The front page contains an artist’s rendition of an insurance agent and an insured happily scanning an insurance policy. In prominent lettering appears the legend “Now Cash In On Benefits of ‘Package Merchandising in . . . Your Insurance/ The New Special Mercantile Package Policy Combines the Insurance *437for Your Business into One Neat Package for 1. Better Protection against Risks and Perils. 2. Time Saving Convenience Centralization of Coverage. 3. Premium Savings over Coverage Bought in Separate Policies. Just one policy — one agent to consult, one renewal date, and one premium to pay.” Opposite this description is a picture of an open carton labeled “Mercantile Package Policy.”

The following three pages contain thirty-four sketches of different hazards against which the insured is protected, each accompanied by a brief textual description of the coverage involved. In addition, running across the bottom of these three pages is an insert labeled, “A Choice of ‘All Risks’ Coverage . . . Plus any of these Important Coverages . . . All at Attractive Discounts!” Underneath this legend is a series of eight pictures of the types of hazards covered by this “All Risk” insurance. One picture portrays a thief handing a typewriter to his confederate through the window of business premises. Apparently this transaction takes place when the premises are closed to business. Below this rendition appears the notation “Open Stock Burglary, or Storekeepers Burglary & Robbery, or Comprehensive Crime, may be added.”

On the last two pages appears another picture of two smiling men, apparently an insurance agent and an insured, looking into the contents of a huge open box labeled “Special Package for Wholesalers and Retailers.”

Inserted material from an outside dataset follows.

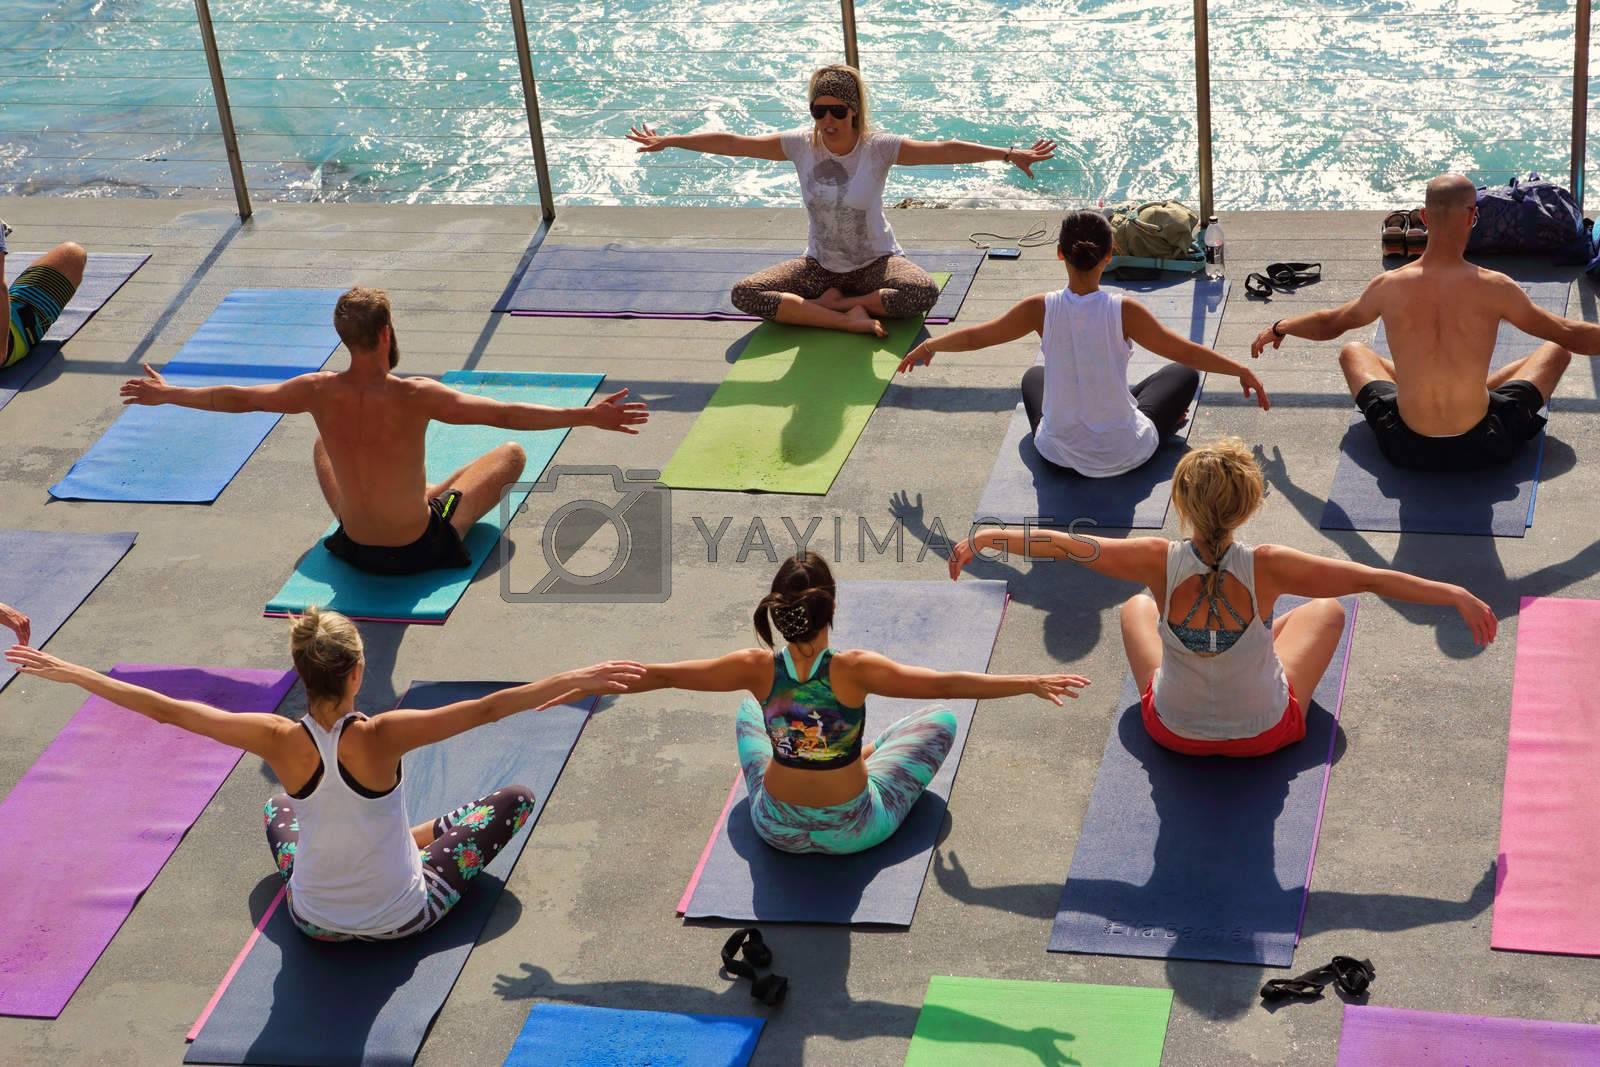 BONDI, AUSTRALIA- OCTOBER 25, 2015;  Yoga by the beach Bondi.   Yoga class beside the pool at Bondi Icebergs, Bondi Australia.  Participants perform yoga moves outdoors by the sea.

Opposite this picture is a schedule with columns entitled “Property and Perils Covered” and “Coverage (Amount)”. Twenty-seven different hazards are listed under “Property and Perils Covered.” One such category is “Comprehensive Crime Insurance.” Another is “Open Stock Burglary Insurance.” In the column labeled “Coverage (Amount)” entries were made by the insurance agent in thirteen categories of hazards. *438Among these entries were the sum, 3,000 for Open Stock Burglary Insurance and 1,500 for Comprehensive Crime Insurance. In the column to the right of these entries appears the total insurance premium which was $256.00. Underneath this figure is an arrow within which is printed the legend “One policy/one agent/one renewal date/one premium.”

It is undisputed that the insurance agent, who had authority to represent the insurer, typed in the various sums in the Amount column on the schedule in accordance with the directions of the store owner. Thereupon, on November 3, 1966, the agent wrote in longhand on the front page of the brochure “Nov 3, 1966 Received $50.00 Cash to apply against SMP policy effective 11-3-66 (signed) Felix J. Longo.”

Several weeks later, appellant received an insurance policy in the mail. The policy is nineteen pages long and contains several pages of concise technical language with small print narrowly spaced.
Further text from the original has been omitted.